A CSV file, or "flat file" is just data. There is no way for it to respond to a query by itself.
So, when you are on a network, your query is sent to the server, which does the work of finding the appropriate results. When you open a flat file, you're using the network and/or file system to read/write the entire file.
Edit to add a note about your specific usage. You'll probably want to use a database engine, as the queries are going to be the least amount of network traffic. For example, when you scan a barcode, your query may be as simple as the following text:
INSERT INTO barcode_table ('code', 'scan_date', 'user') VALUES ('1234567890', '2011-01-24 12:00:00', '1');
The above string is handled by the database engine and the code (along with whatever relevant support data) is stored. No need for your application to open a file, append data to it, and close it. The latter becomes very slow once files get to a large size, and concurrency can become a problem with many users accessing it.

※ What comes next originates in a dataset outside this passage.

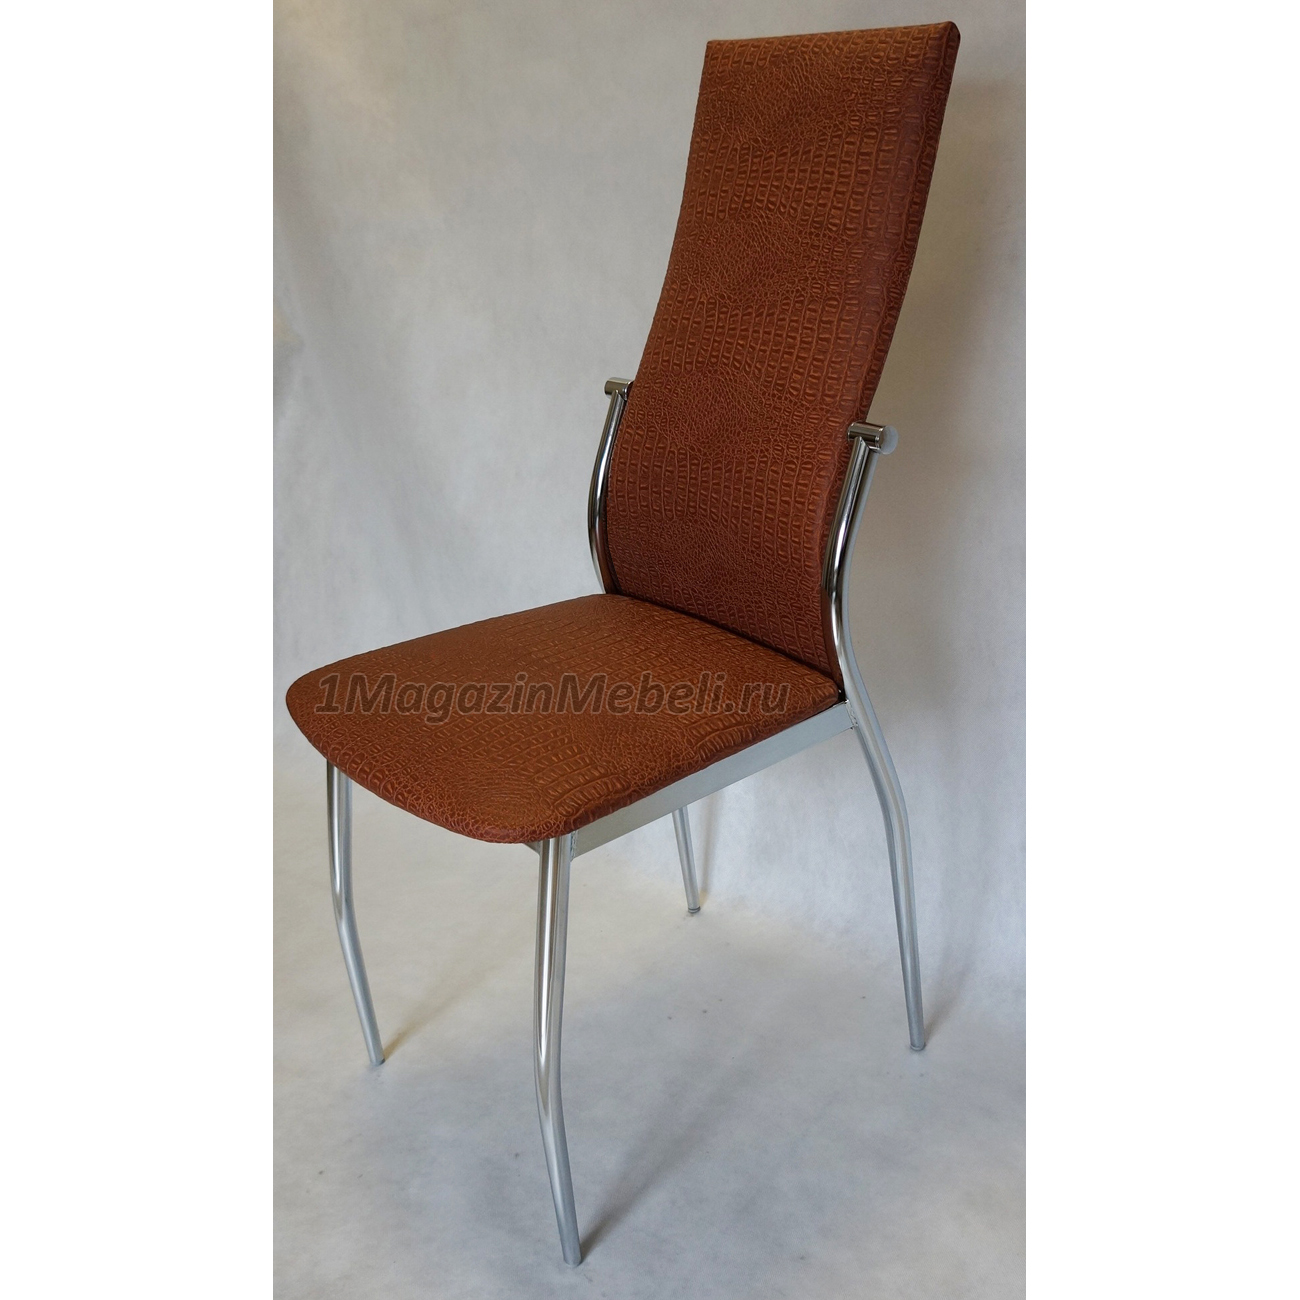 Кухонный стул коричневый крокодил, терракот, хром (арт. М3220)

If your application needs to display some data to your user, it would request specific information the same way, and the server would generate the relevant results. So, imagine a scenario in which the user wants a list of products that match some filter. If your products were books, suppose the user requested a list by a specific author:
SELECT products.title, barcode_table.code
FROM products, barcode_table
WHERE products.author = 'Anders Hejlsberg'
ORDER BY products.title ASC;
In this example, only those product titles and their barcodes are sent from the server to the mobile application.
Hopefully these examples help make a case for using a structure database engine of some kind, rather than using a flat file. The specific flavor and implementation of database, however, is another question unto itself.
Generally speaking, relational databases are stored on a remote server, and you access them via a client interface. Each database vendor has software that you'd install on your remote computer that would allow you to access the database on a server. The entire DB is not sent back to the client when a query is executed, although it can send very large result sets if you are not careful about how to structure your query. Generally speaking the flow is like this:
A database server listens for clients to connect
A client connects and issues a SQL
command to the database
The database builds a query plan to
figure out how to get the result
The plan is executed and the results
are sent back to the client.
CSV is simply a file format, not a fully functional platform like a relational database.